# Scanner - Police, Fire, etc



## YuccaFlatsRanch (May 3, 2004)

Which is the best one to have. CCrane has the Bearcat and a new one from Uniden which is Tres Expensive.


----------



## Darren (May 10, 2002)

Get one that works for your area. Especially if you need trunk tracking. Find out how the local emergency/LE systems are set up. You may find one of the old AOR AR3000A units that came in unblocked up for bid on eBay. New they were over a $1,000 maybe ten years ago. Used they can be a bargain. Those will scan just about anything from 100 kHz all the way up to 2036 MHz. You'll be able to hear the black helicopters when they're headed your way.


----------



## radiofish (Mar 30, 2007)

Well as posted above, do a 'giggle' search for the public service (police, fire, etc.) frequencies for your town/ county. That way you can see if you do need a trunking scanner. 

Where I live at, the tall coastal redwood trees and rugged terrain prohibited/ interfered with the use of the 800 MHz trunking systems. They were removed and the gov't public service agencies went back to the 'analog' VHF (150 MHz to 180 MHz) radio systems - at a great expense.

Myself I have a Radio Shack "PRO-2052" 1000 memory trunking desktop scanner - which can be used with 110 Volts AC or 12 VDC power. I paid around $400.00 for mine new a few years ago, and I have seen them up for sale used at less than $100.00 recently.

Plus I would recommend an external antenna instead of the small 'whip' attached/ screw in antenna that comes with the scanner radio. Go to Ebay and look at a 'discone' antenna which covers from 25 MHz up to 1.3 GHz - or even an el-cheapo radio shack external scanner antenna. An external antenna with a coaxial feedline will improve your scanner radio reception, as to listening at a distance and being able to listen to weak signals.

Also look at the frequency coverage of the scanner - many of them do not cover the 200MHz to 400MHz segment of radio spectrum. There is the 220 MHz ham band and the Military UHF aircraft frequencies in those frequencies.

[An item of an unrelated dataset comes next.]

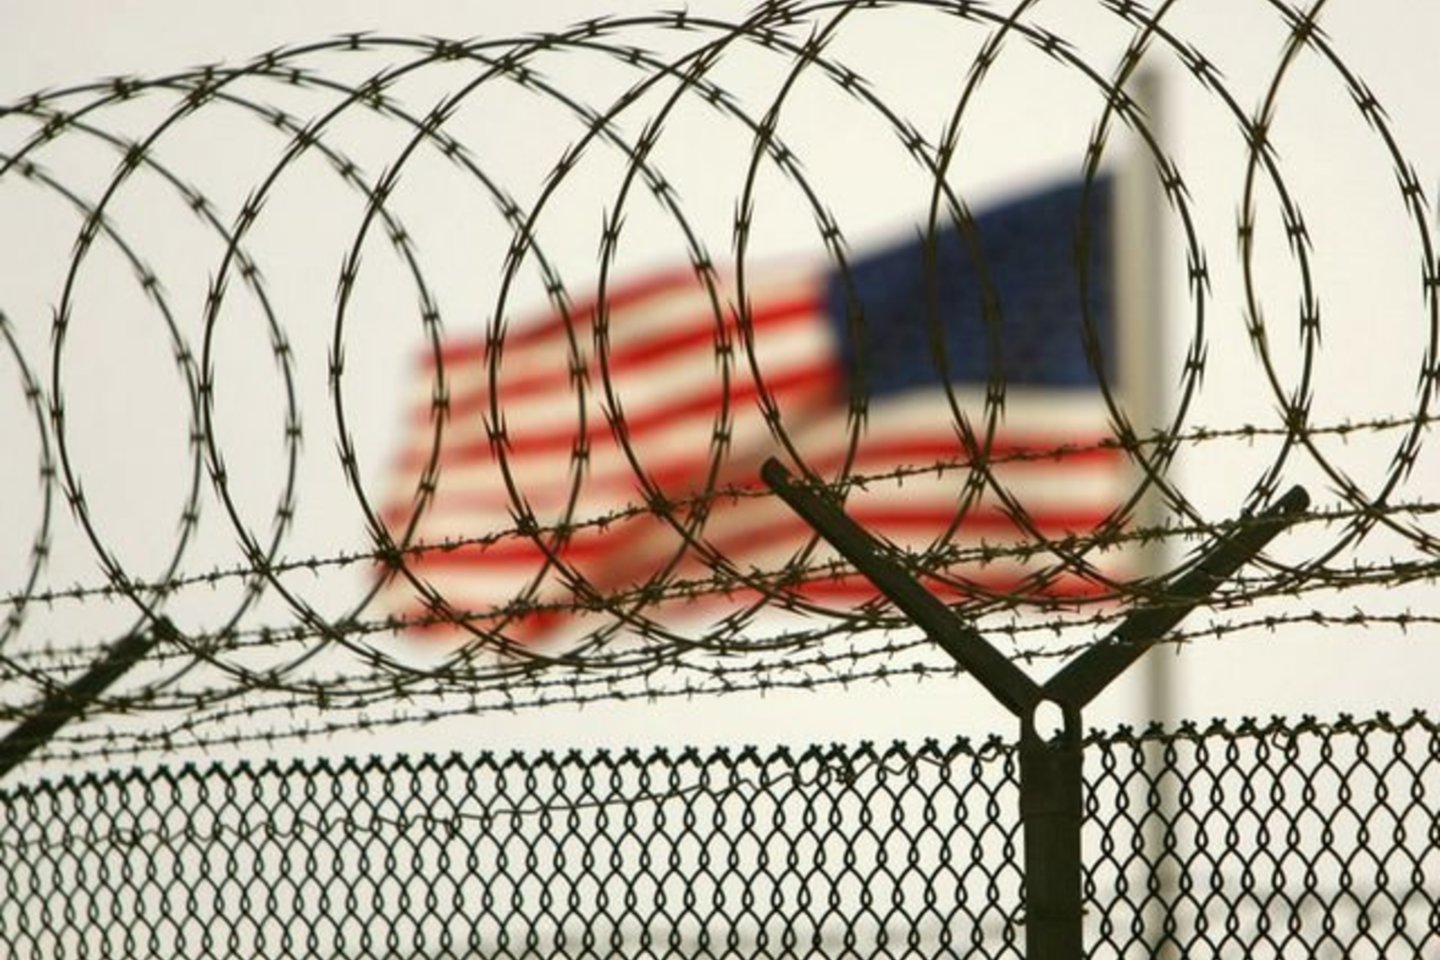 JAV kalėjimas.<br>Reuters

I often hear activity of Military Aircraft radios operating off of the coast on that portion of the radio spectrum, up where I live at.

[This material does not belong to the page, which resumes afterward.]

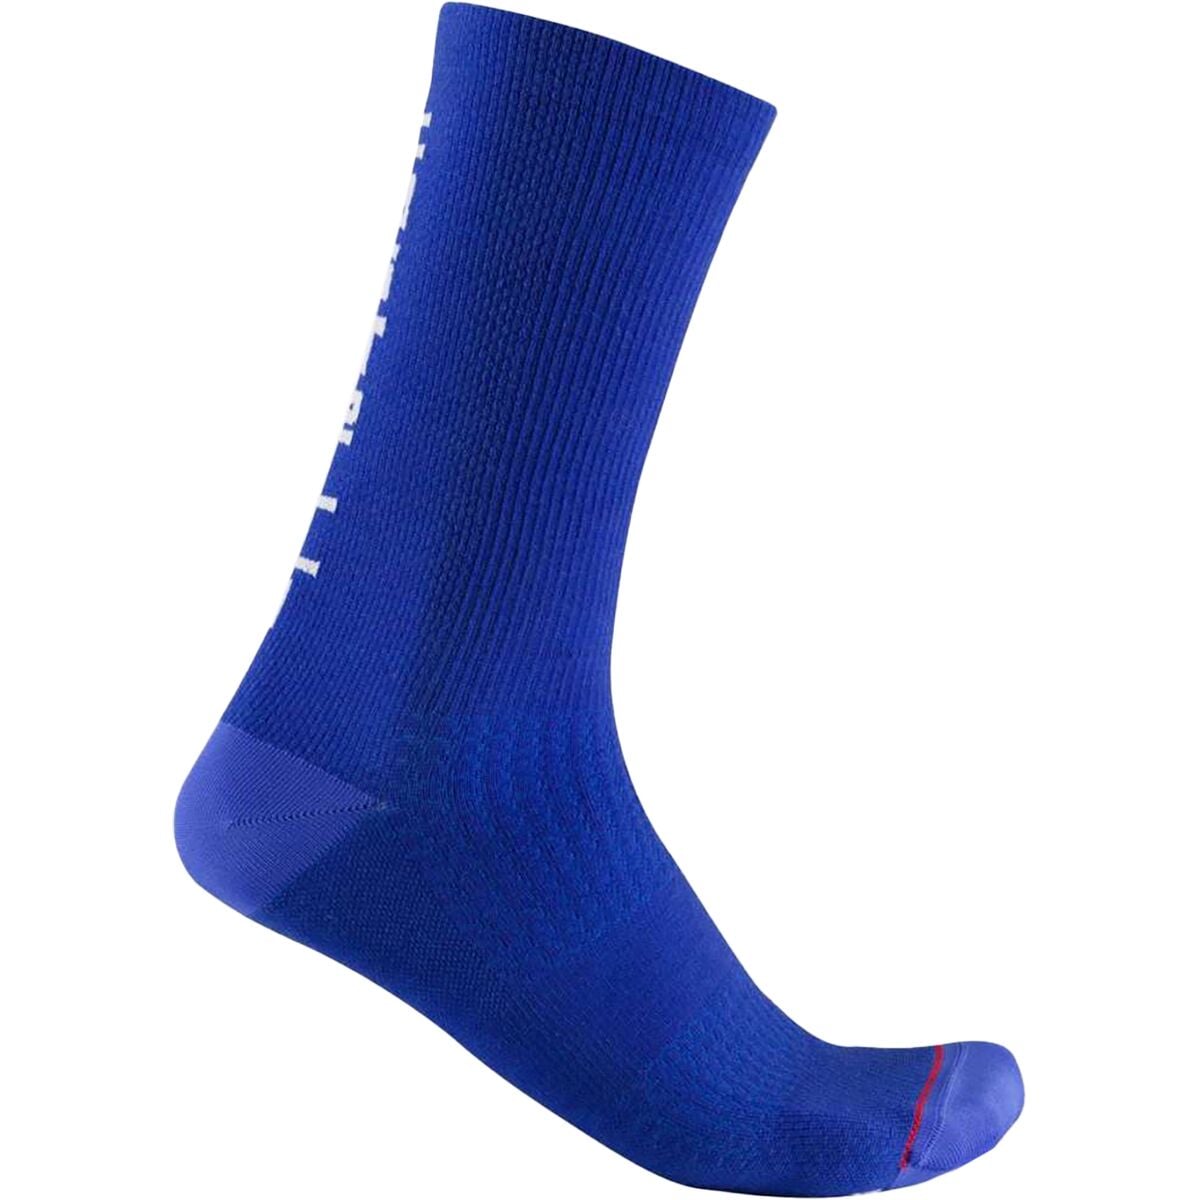 Castelli Bandito Wool 18 Sock Vivid Blue, XXL - Men's

I was just at the CCrane showroom last week while in that town for a doctor visit - which is located in Fortuna, California about 20 miles South of here. They do have some interesting equipment there, which also happens to be very expensive!

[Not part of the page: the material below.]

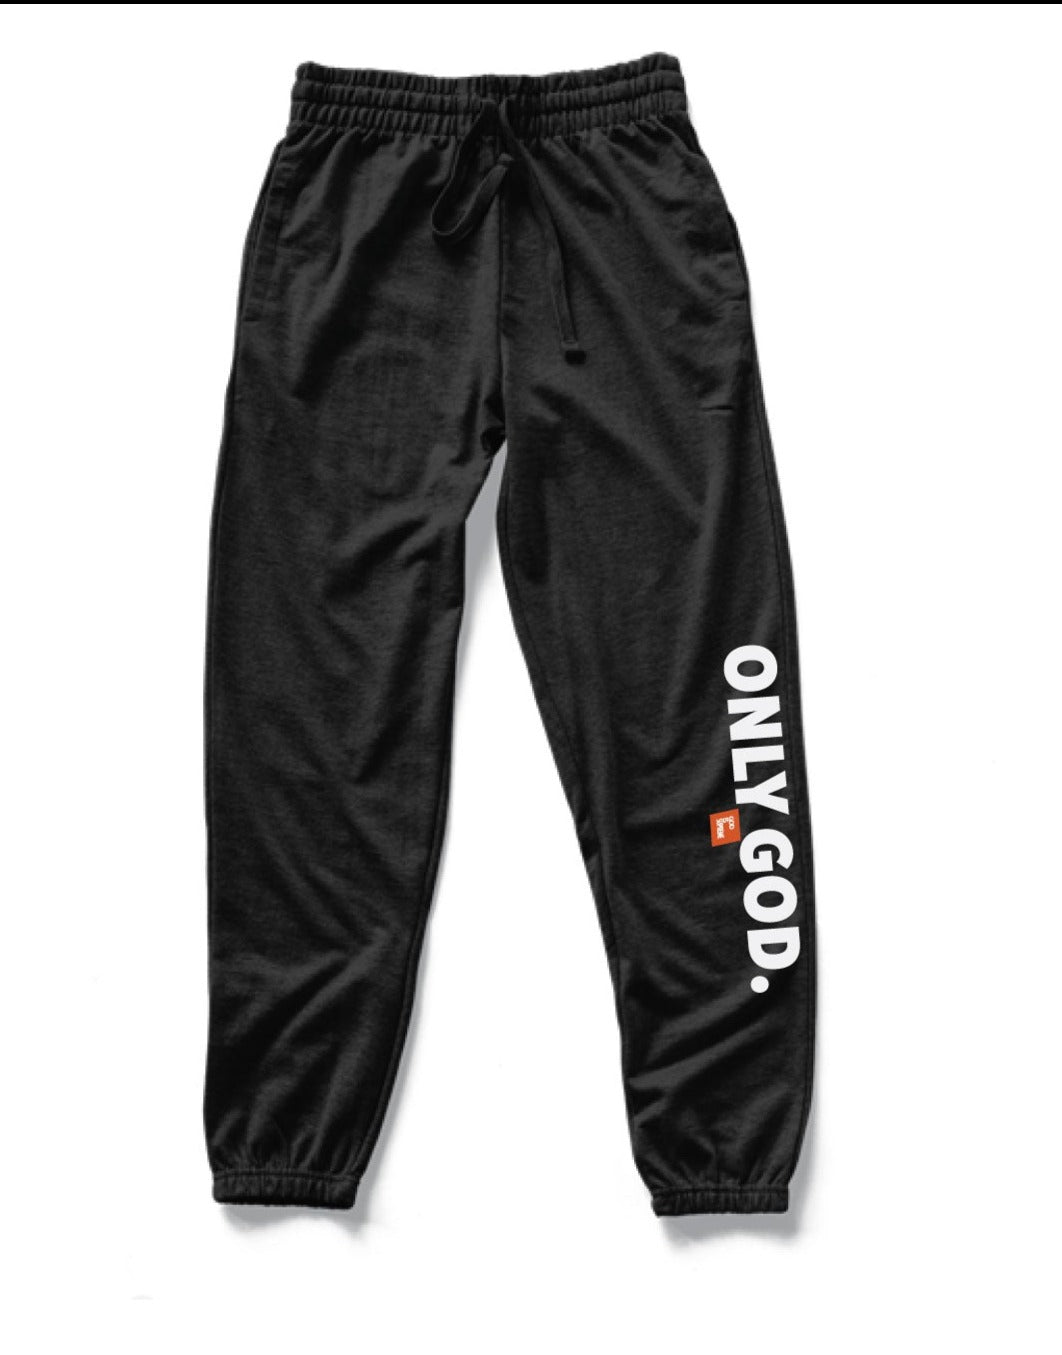 Only God with Box Logo/Black Sweatpants

Remember that these scanners will cover the CB band at 27 MHz, and the GMRS/ FRS hand held radio frequencies also (around 400 MHz). So that you would be able to listen to the most popular civilian radio frequencies used.


----------



## Bearfootfarm (Jul 13, 2006)

Digital is the way to go .
It's more expensive, but more and more departments are using those frequencies.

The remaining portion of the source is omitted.